FCPA: Defense Wins

January 23, 2012

For the third time since December 1, 2011, an FCPA case brought by the US government against a defendant has been defeated by a Federal Court judge. The most recent dismissal occurred last week when a former manager of the Swiss engineering company ABB Ltd. accused of violating the FCPA on 12 counts (including one count of conspiracy) had his case dropped by a federal judge in Houston. In granting defendant John O’Shea’s motion to dismiss, Judge Lynn Hughes became the third federal judge in the last six weeks to throw out an FCPA case. Reports indicate that the government’s key witness who himself was awaiting sentencing on conspiracy charges was unable to convince the judge that O’Shea was tied to the alleged crime of channeling bribes through an intermediary to officials at Mexican state-owned utility Comision Federal de Electricidad (CFE) with the expectation to win contracts on behalf of ABB’s Houston subsidiary.

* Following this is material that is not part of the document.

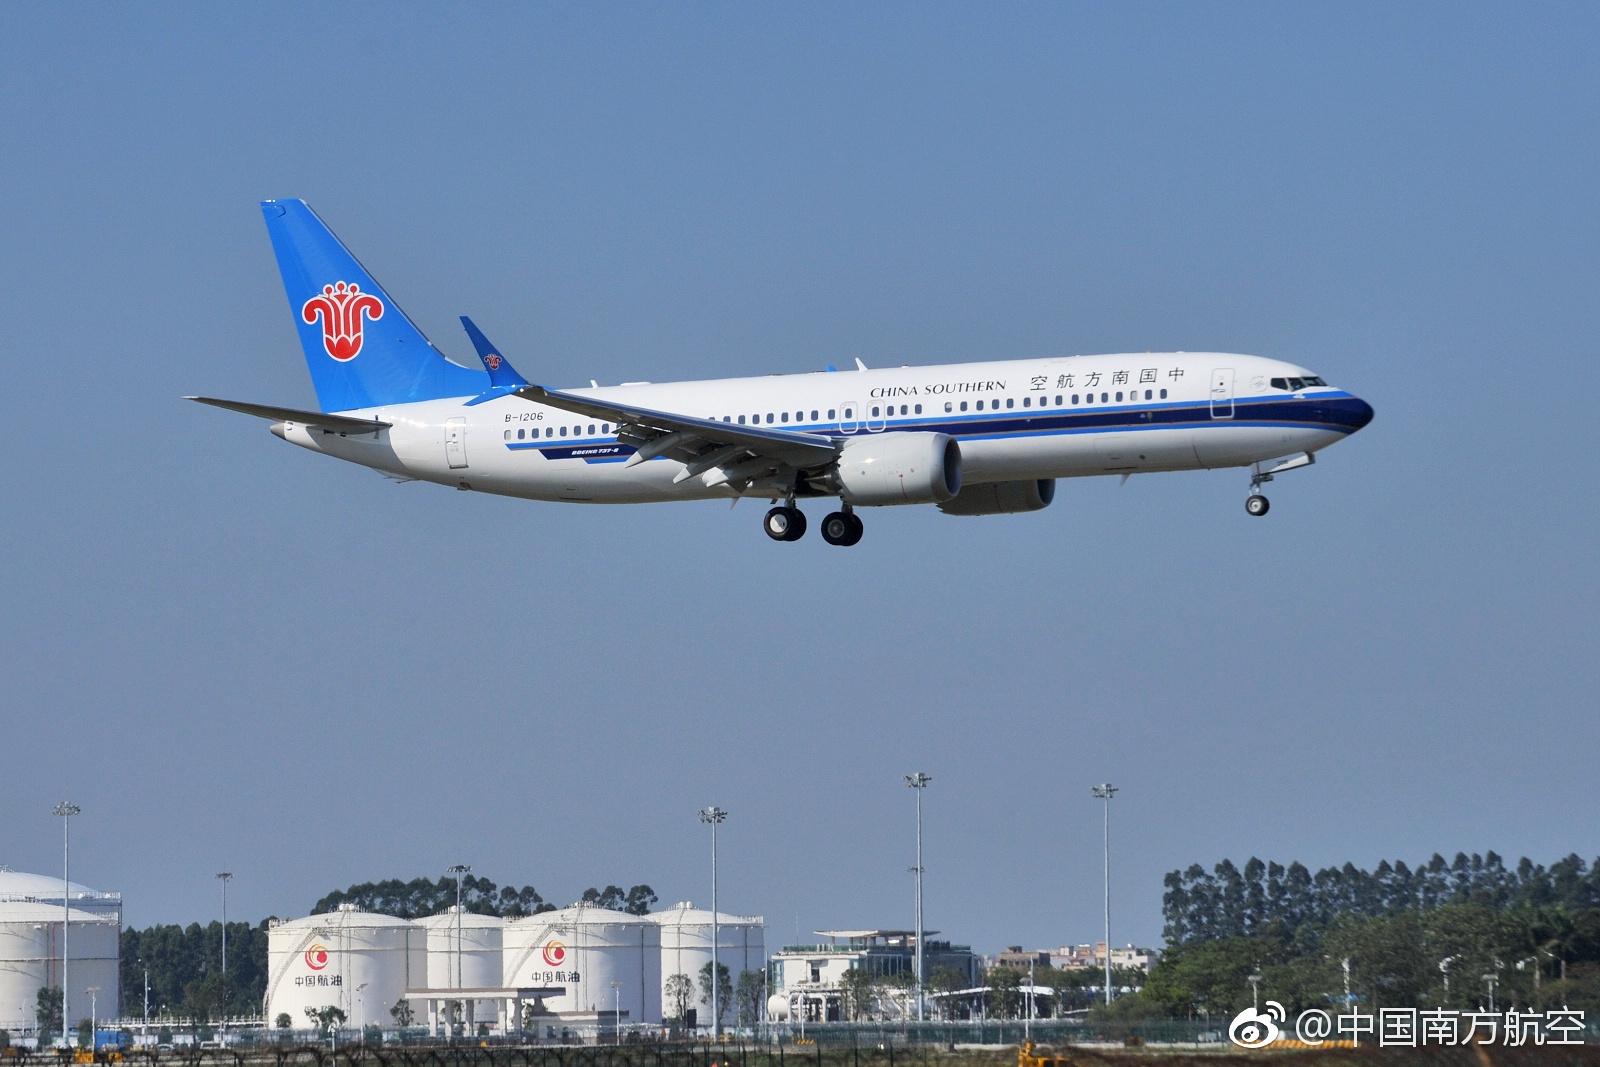 中国南方航空公司宣布,12月1日上午10点21分,南航第一架波音737 MAX 8客机(注册号B-1208)在广州白云国际机场降落。 这标志着,波音737 MAX 8新型客机正式加入南航机队,另外中国国航也已经接收波音737 MAX 8。  南航特意公布了一组其波音737 MAX 8首飞的精彩照片,尤其是包括多张内部照片,可以看到新客机内部相当宽敞,还贴心地设置了支持多国标准的充电插座,和多个USB充电接口。   波音737 MAX窄体机喷气式飞机是波音公司的最新机型,目前全球最先进的单通道客机之一,也是
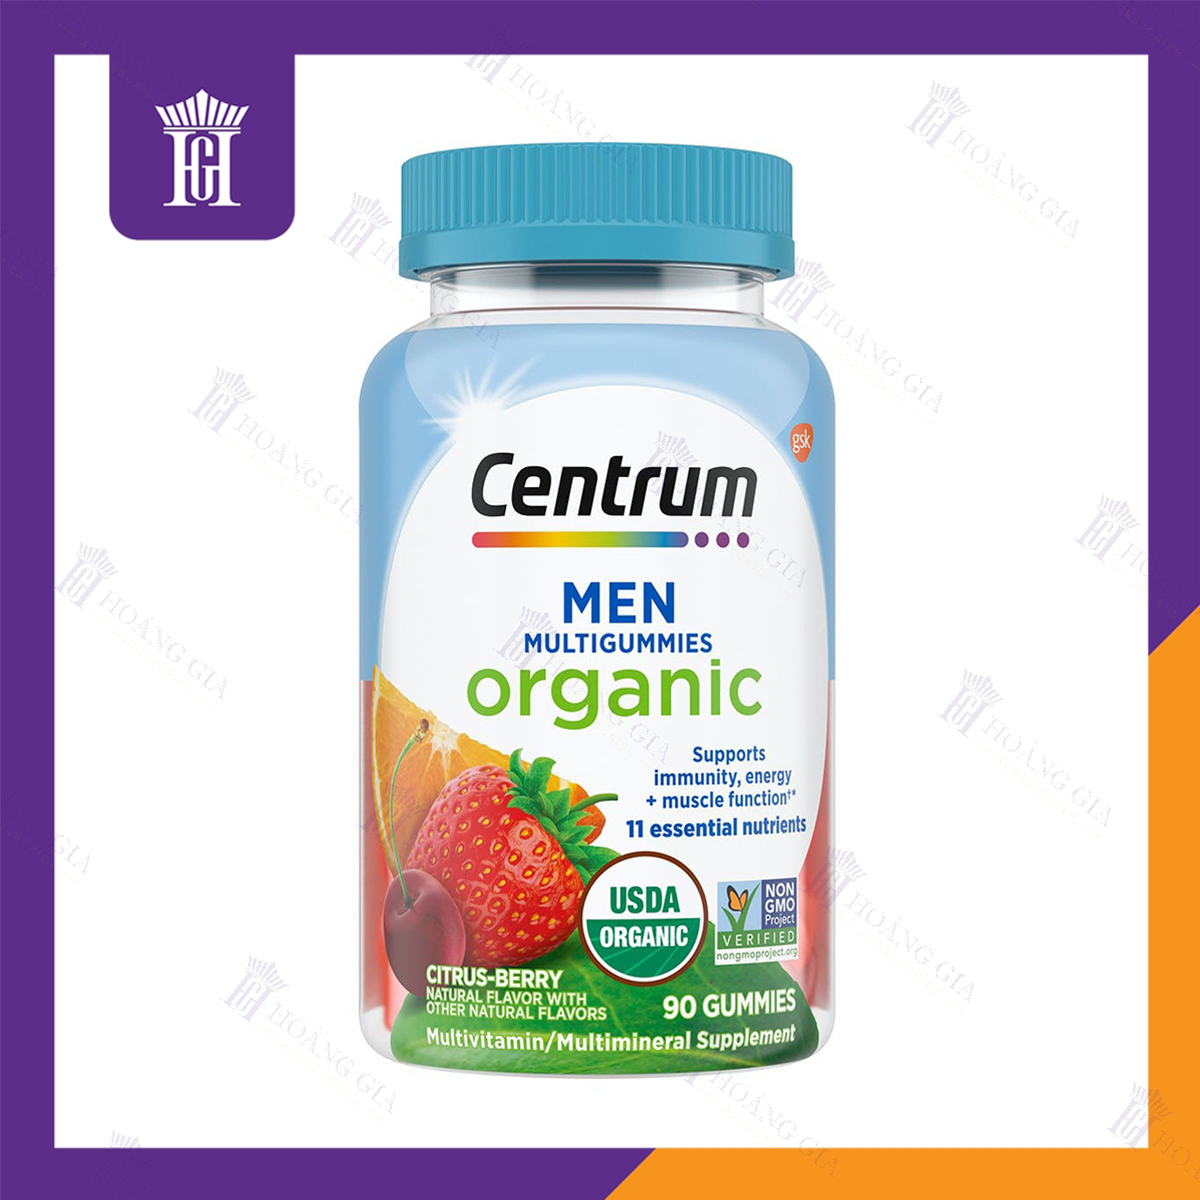 Vitamin tổng hợp hữu cơ dành cho Nam - Centrum Organic Men Multigummies

Last month, Lindsey Manufacturing Co., the first corporation to go to trial on charges it violated the FCPA, won dismissal of its conviction after a judge in US District Court Central District of California found the prosecution had engaged in “flagrant” misconduct. The Judge noted the government’s “sloppy, incomplete and notably over-zealous investigation.” A second matter was dismissed in Washington DC against Stephen G. Giordanella of conspiracy to violate the FCPA, finding that the Government’s evidence was insufficient to sustain a conviction in an alleged bribery of an African defense minister to win contracts to provide military supplies. The chief witness in that case was an individual who had been himself convicted for foreign bribery, tax evasion, drug trafficking, and embezzlement.

While it would be premature to declare these recent dismissals as a growing critique by federal judges against the DOJ’s FCPA enforcement, it begs the question whether their ramped up investigations as of late are being conducted with the expected level of professionalism and diligence. These cases indicate that the more one challenges the government, flaws will be exposed. Usually companies settle well before trial without admitting any wrongdoing. However, according to a recent report in Forbes, the government’s record of prosecuting FCPA cases in US courts has been dismal.

While O’Shea could still face a second trial on separate charges of international money laundering and one count of falsifying records, the success of his fight against the FCPA charge demonstrates that federal prosecutors can’t assume all foreign bribery actions will be open and shut cases. Getting the right facts, using trusted sources, and understanding the full scope of an alleged violation will be key for both prosecution and defense.